#### About this task
Exact copy, pictures excluded: reproduce every record below.

===

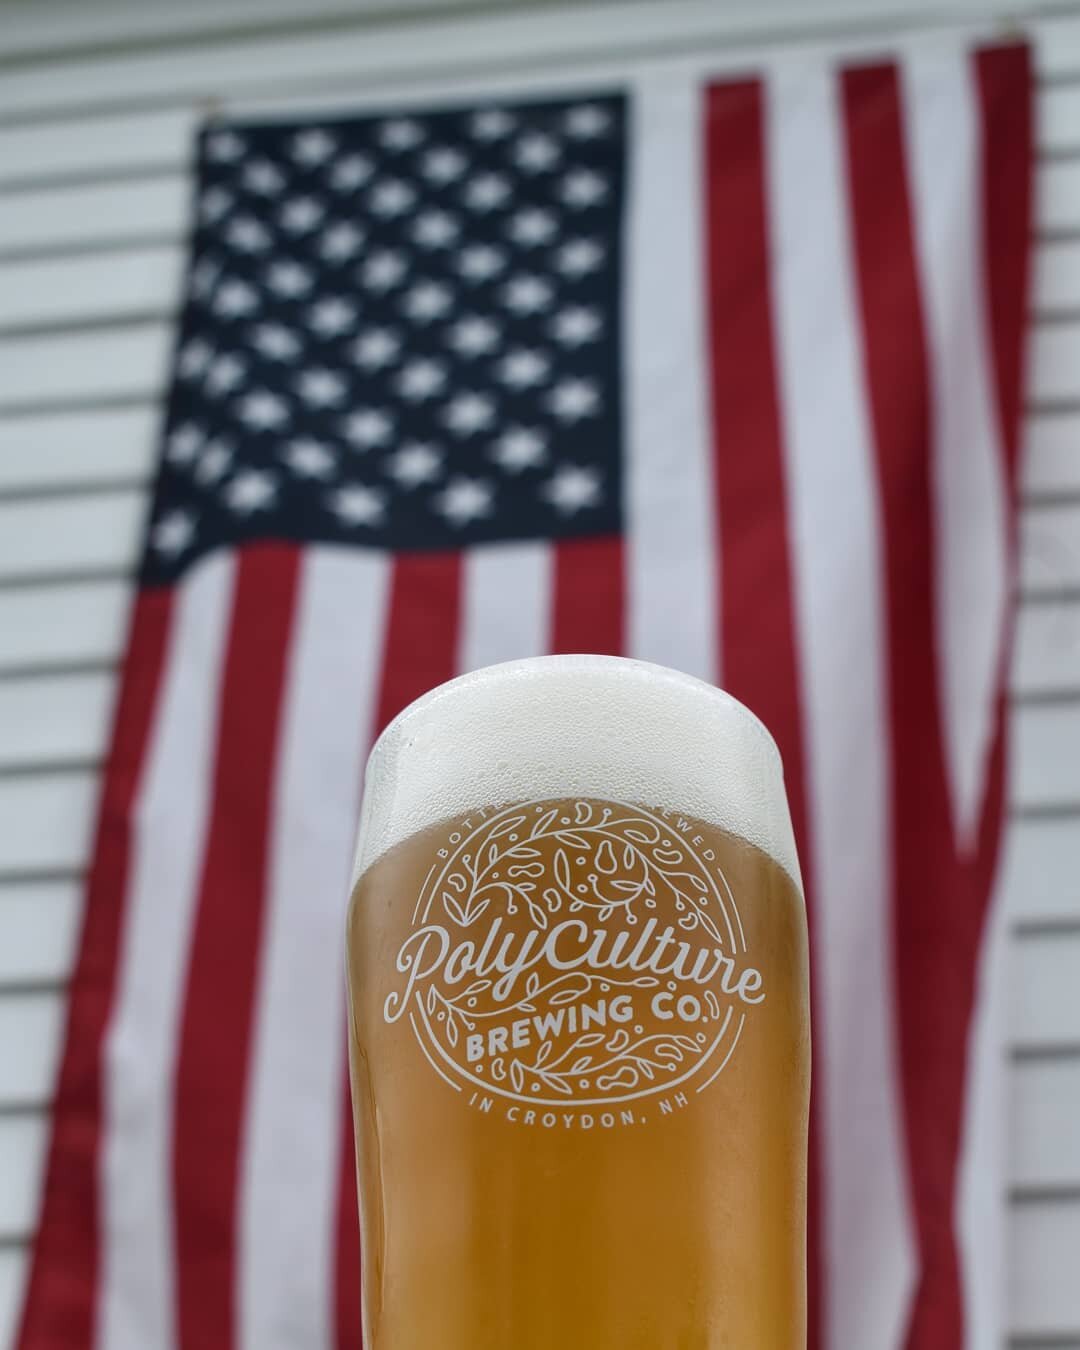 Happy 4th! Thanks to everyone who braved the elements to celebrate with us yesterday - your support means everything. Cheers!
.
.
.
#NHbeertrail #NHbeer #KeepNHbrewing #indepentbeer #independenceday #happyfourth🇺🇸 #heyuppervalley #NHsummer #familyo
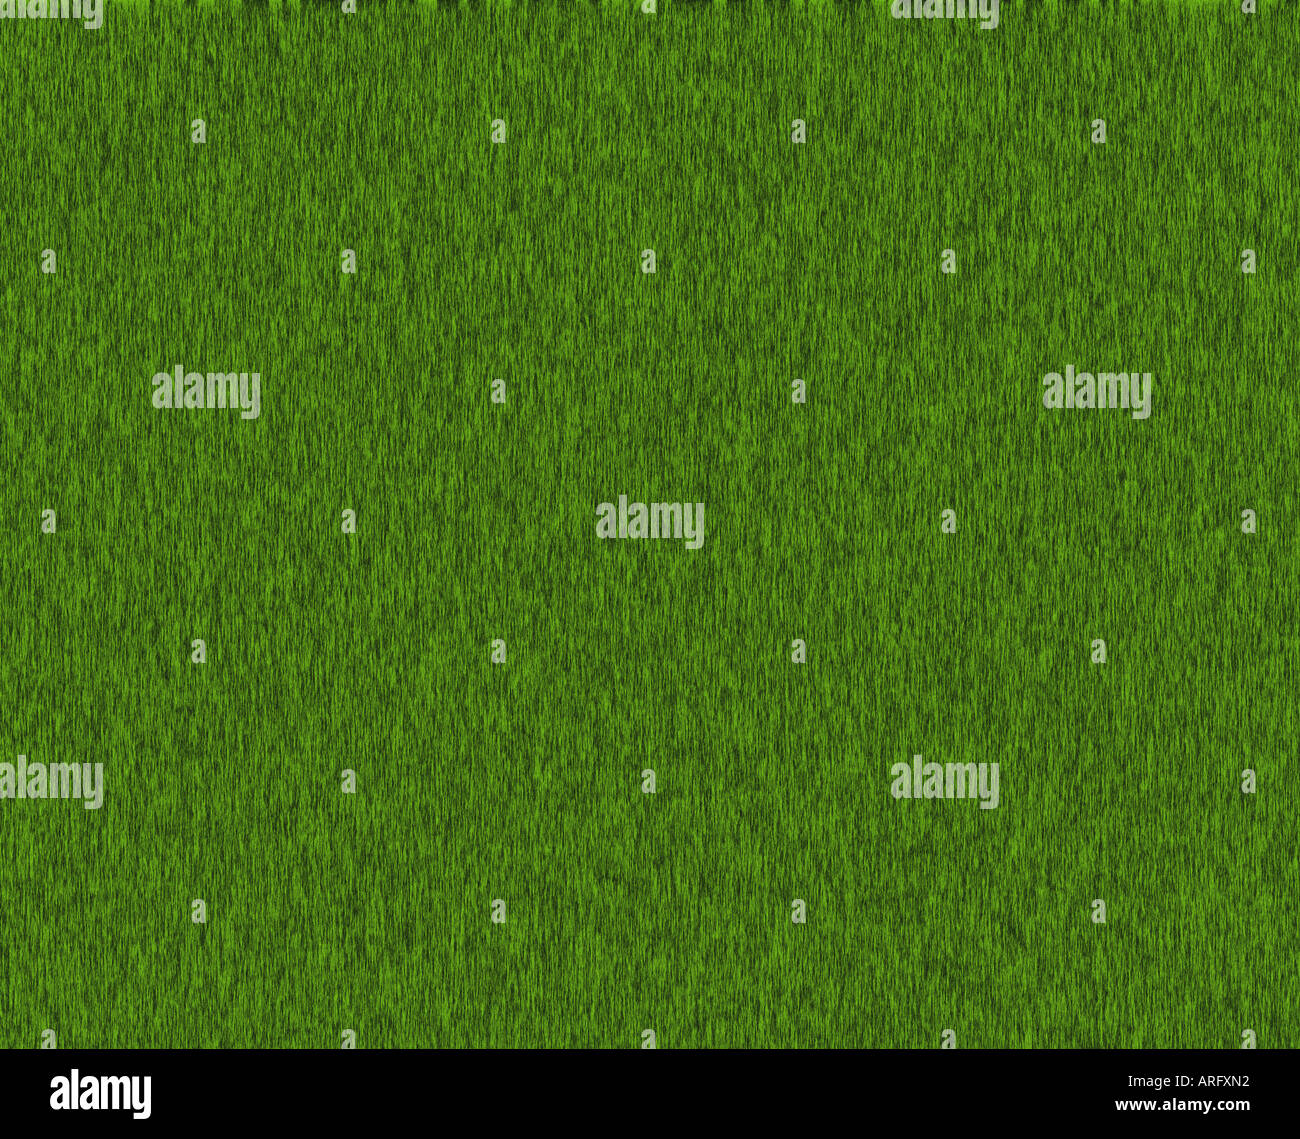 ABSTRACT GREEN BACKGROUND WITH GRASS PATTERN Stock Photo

===

#### Result of this task
 Happy 4th! Thanks to everyone who braved the elements to celebrate with us yesterday - your support means everything. Cheers!
.
.
.
#NHbeertrail #NHbeer #KeepNHbrewing #indepentbeer #independenceday #happyfourth🇺🇸 #heyuppervalley #NHsummer #familyo
 ABSTRACT GREEN BACKGROUND WITH GRASS PATTERN Stock Photo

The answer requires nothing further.